Our world is facing a new situation in history with its technological development.
It has considerably brought men closer to each other, suppressed distances, shortened transportation time, and increased opportunities for communicating and interacting. With the development of Third World economies, the multiplication of foreign investments, and the huge growth of exchanges, the world economy has gone one step further in achieving a higher degree of integration.
Even countries that were for so long out of the global trend are now strongly part of this movement. As a consequence, opportunities for conflicts and for negotiation dramatically increase and intercultural encounters are multiplied. Concerns for the common heritage of our planet, such as scarce resource management and threats to the environment, nuclear proliferation, natural disasters, danger of wars, also contribute to getting people of all countries to meet and seek solutions.With the modern media and the growing interdependence between nations, the visibility of national cultures has been considerably increased. In turn, two contrasting trends could be considered: either this interdependence will lead to relationships transcending the bounds of culture or to people becoming more sensitive towards the differentiating effects of cultures.
Understanding a negotiation is to apprehend the sense that actors attach to their actions and the significance they give to what they observe. Many events that take place in a negotiation cannot be explained by a theory such as that of rational choice because from one culture to another, rationality is developed through different ways and processes, sometimes integrating intangible interests, turning intercultural negotiation into a very complex process.
The current intellectual challenge is to grasp in its functional aspect the quicksilver concept of culture and to analyze under which circumstances it becomes a causal variable. Then, the subsequent point is to shed light on how and with what consequences this happens.
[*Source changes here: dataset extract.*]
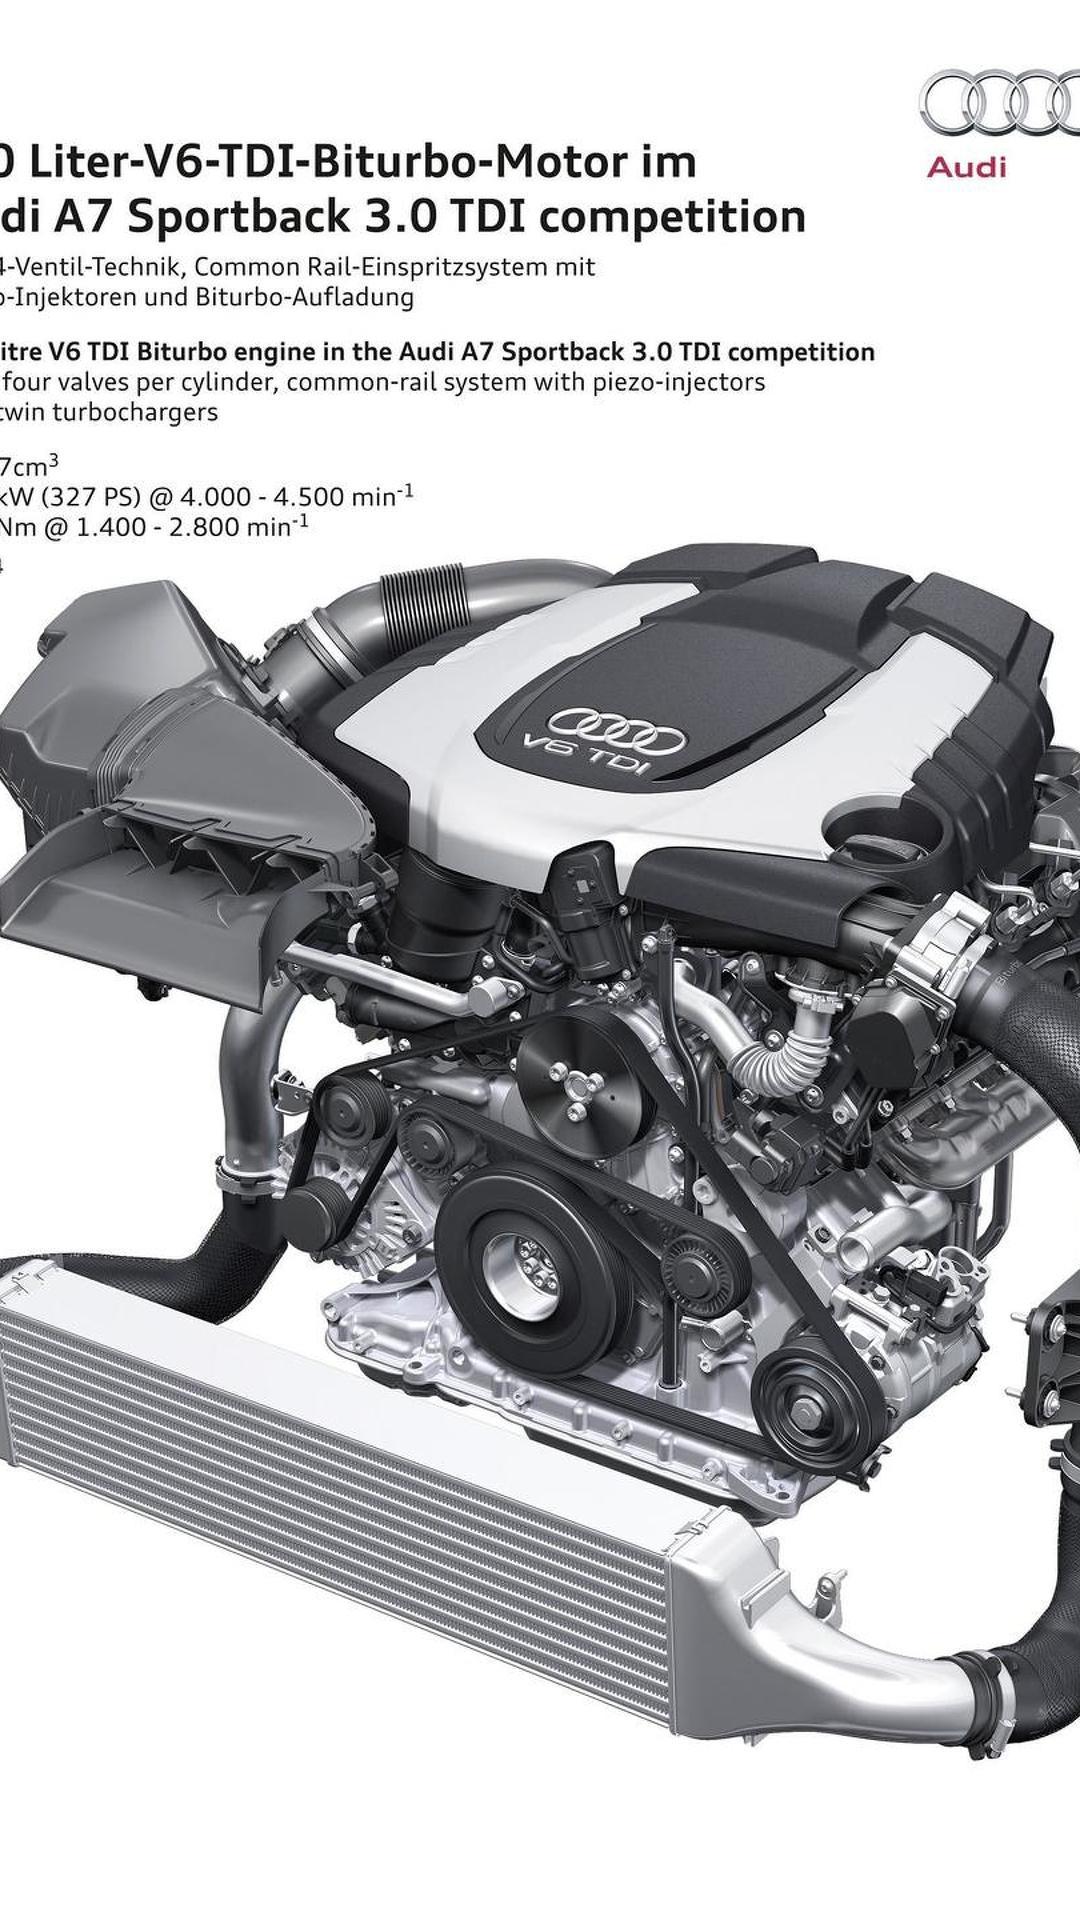 Двигатель 3.0 V6 TDI Biturbo: в честь 25-летия дизеля TDI
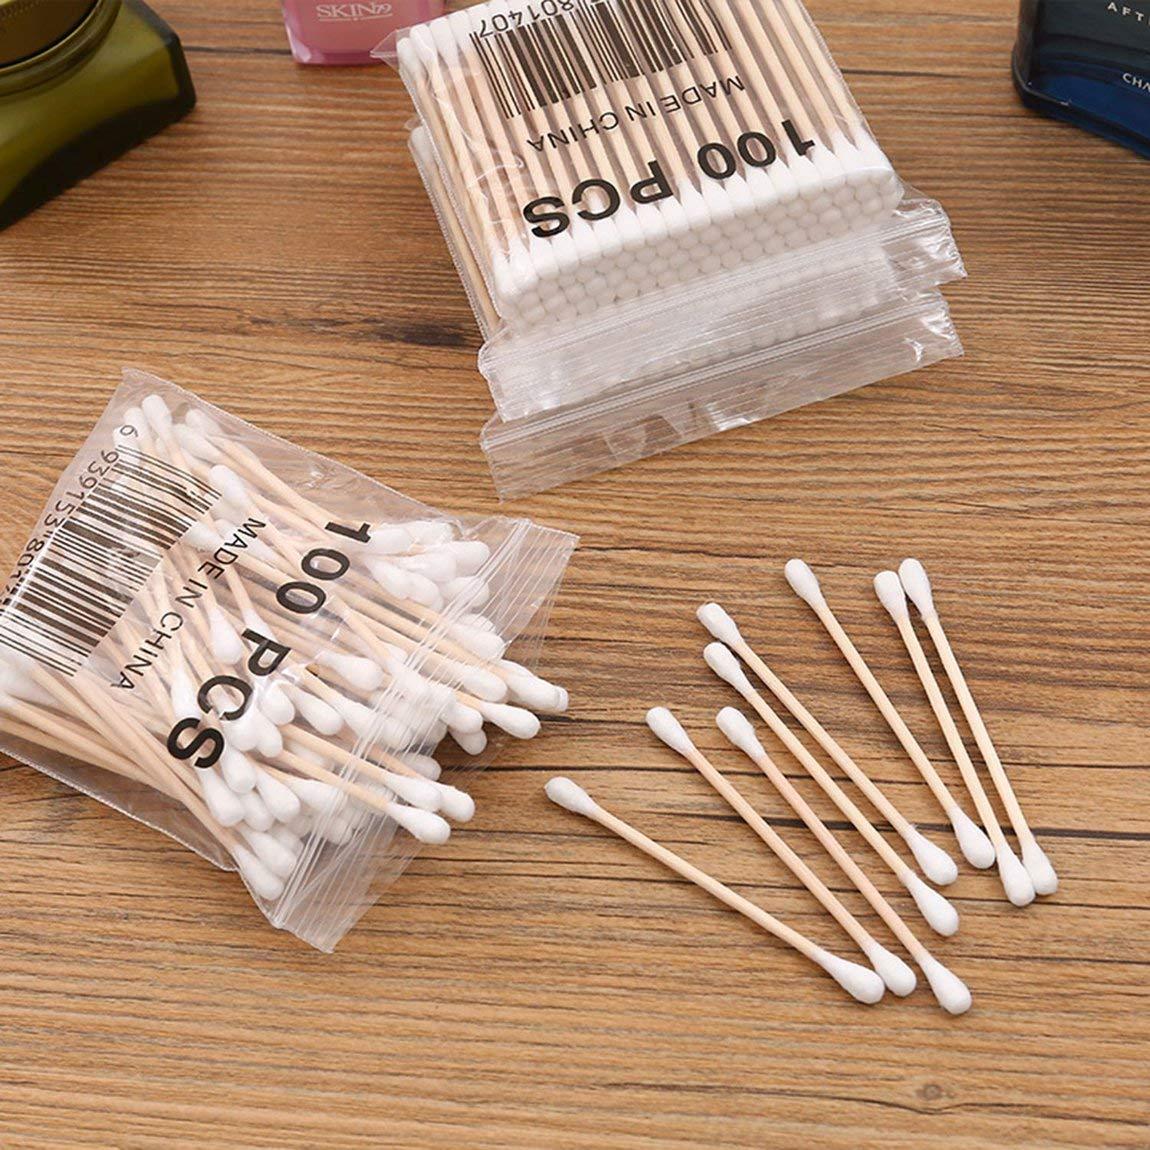 farbe: Wei/ß 100 st/ücke Holzstab Wattest/äbchen Applikator Q-tip Doppel Holzgriff Robust

In addition, the encounter between two or more cultures takes research to another level of complexity: what may come out of this uncertain chemistry, of this “correlation of cultures”?
This query on the role of culture and its distinctive effects may bear another fruit than mere knowledge. It could help to build predictive instruments concerning negotiators’ behaviors and provide means for a better control of the conflict resolution process and subsequently of its outcome.